Requirement ->
An exact reproduction of the data below is the required answer.

== Source data ==

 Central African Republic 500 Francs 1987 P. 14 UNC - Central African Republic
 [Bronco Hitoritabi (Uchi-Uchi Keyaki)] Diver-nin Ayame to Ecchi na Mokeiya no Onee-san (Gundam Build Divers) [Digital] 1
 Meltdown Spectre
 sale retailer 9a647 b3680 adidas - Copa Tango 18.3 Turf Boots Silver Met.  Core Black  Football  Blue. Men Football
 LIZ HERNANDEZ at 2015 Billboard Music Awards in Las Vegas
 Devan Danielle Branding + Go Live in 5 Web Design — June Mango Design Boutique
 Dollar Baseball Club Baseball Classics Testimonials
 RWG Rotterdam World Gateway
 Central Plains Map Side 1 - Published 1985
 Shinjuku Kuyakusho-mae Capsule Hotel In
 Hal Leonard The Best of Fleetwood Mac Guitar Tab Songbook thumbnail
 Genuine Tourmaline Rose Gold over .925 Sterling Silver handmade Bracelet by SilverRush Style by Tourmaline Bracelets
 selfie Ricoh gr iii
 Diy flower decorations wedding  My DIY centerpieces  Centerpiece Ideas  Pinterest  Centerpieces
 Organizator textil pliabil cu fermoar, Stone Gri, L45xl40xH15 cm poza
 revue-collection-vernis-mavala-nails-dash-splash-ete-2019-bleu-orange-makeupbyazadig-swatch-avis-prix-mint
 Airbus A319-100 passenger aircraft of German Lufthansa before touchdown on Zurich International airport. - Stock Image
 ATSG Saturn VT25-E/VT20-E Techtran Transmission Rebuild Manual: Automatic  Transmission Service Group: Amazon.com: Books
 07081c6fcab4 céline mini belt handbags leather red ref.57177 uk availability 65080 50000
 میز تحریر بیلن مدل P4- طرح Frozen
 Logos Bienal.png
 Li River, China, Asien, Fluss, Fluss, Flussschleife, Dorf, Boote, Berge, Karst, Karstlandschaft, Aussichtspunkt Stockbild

===

Output of the exercise ->
 Central African Republic 500 Francs 1987 P. 14 UNC - Central African Republic
 [Bronco Hitoritabi (Uchi-Uchi Keyaki)] Diver-nin Ayame to Ecchi na Mokeiya no Onee-san (Gundam Build Divers) [Digital] 1
 Meltdown Spectre
 sale retailer 9a647 b3680 adidas - Copa Tango 18.3 Turf Boots Silver Met.  Core Black  Football  Blue. Men Football
 LIZ HERNANDEZ at 2015 Billboard Music Awards in Las Vegas
 Devan Danielle Branding + Go Live in 5 Web Design — June Mango Design Boutique
 Dollar Baseball Club Baseball Classics Testimonials
 RWG Rotterdam World Gateway
 Central Plains Map Side 1 - Published 1985
 Shinjuku Kuyakusho-mae Capsule Hotel In
 Hal Leonard The Best of Fleetwood Mac Guitar Tab Songbook thumbnail
 Genuine Tourmaline Rose Gold over .925 Sterling Silver handmade Bracelet by SilverRush Style by Tourmaline Bracelets
 selfie Ricoh gr iii
 Diy flower decorations wedding  My DIY centerpieces  Centerpiece Ideas  Pinterest  Centerpieces
 Organizator textil pliabil cu fermoar, Stone Gri, L45xl40xH15 cm poza
 revue-collection-vernis-mavala-nails-dash-splash-ete-2019-bleu-orange-makeupbyazadig-swatch-avis-prix-mint
 Airbus A319-100 passenger aircraft of German Lufthansa before touchdown on Zurich International airport. - Stock Image
 ATSG Saturn VT25-E/VT20-E Techtran Transmission Rebuild Manual: Automatic  Transmission Service Group: Amazon.com: Books
 07081c6fcab4 céline mini belt handbags leather red ref.57177 uk availability 65080 50000
 میز تحریر بیلن مدل P4- طرح Frozen
 Logos Bienal.png
 Li River, China, Asien, Fluss, Fluss, Flussschleife, Dorf, Boote, Berge, Karst, Karstlandschaft, Aussichtspunkt Stockbild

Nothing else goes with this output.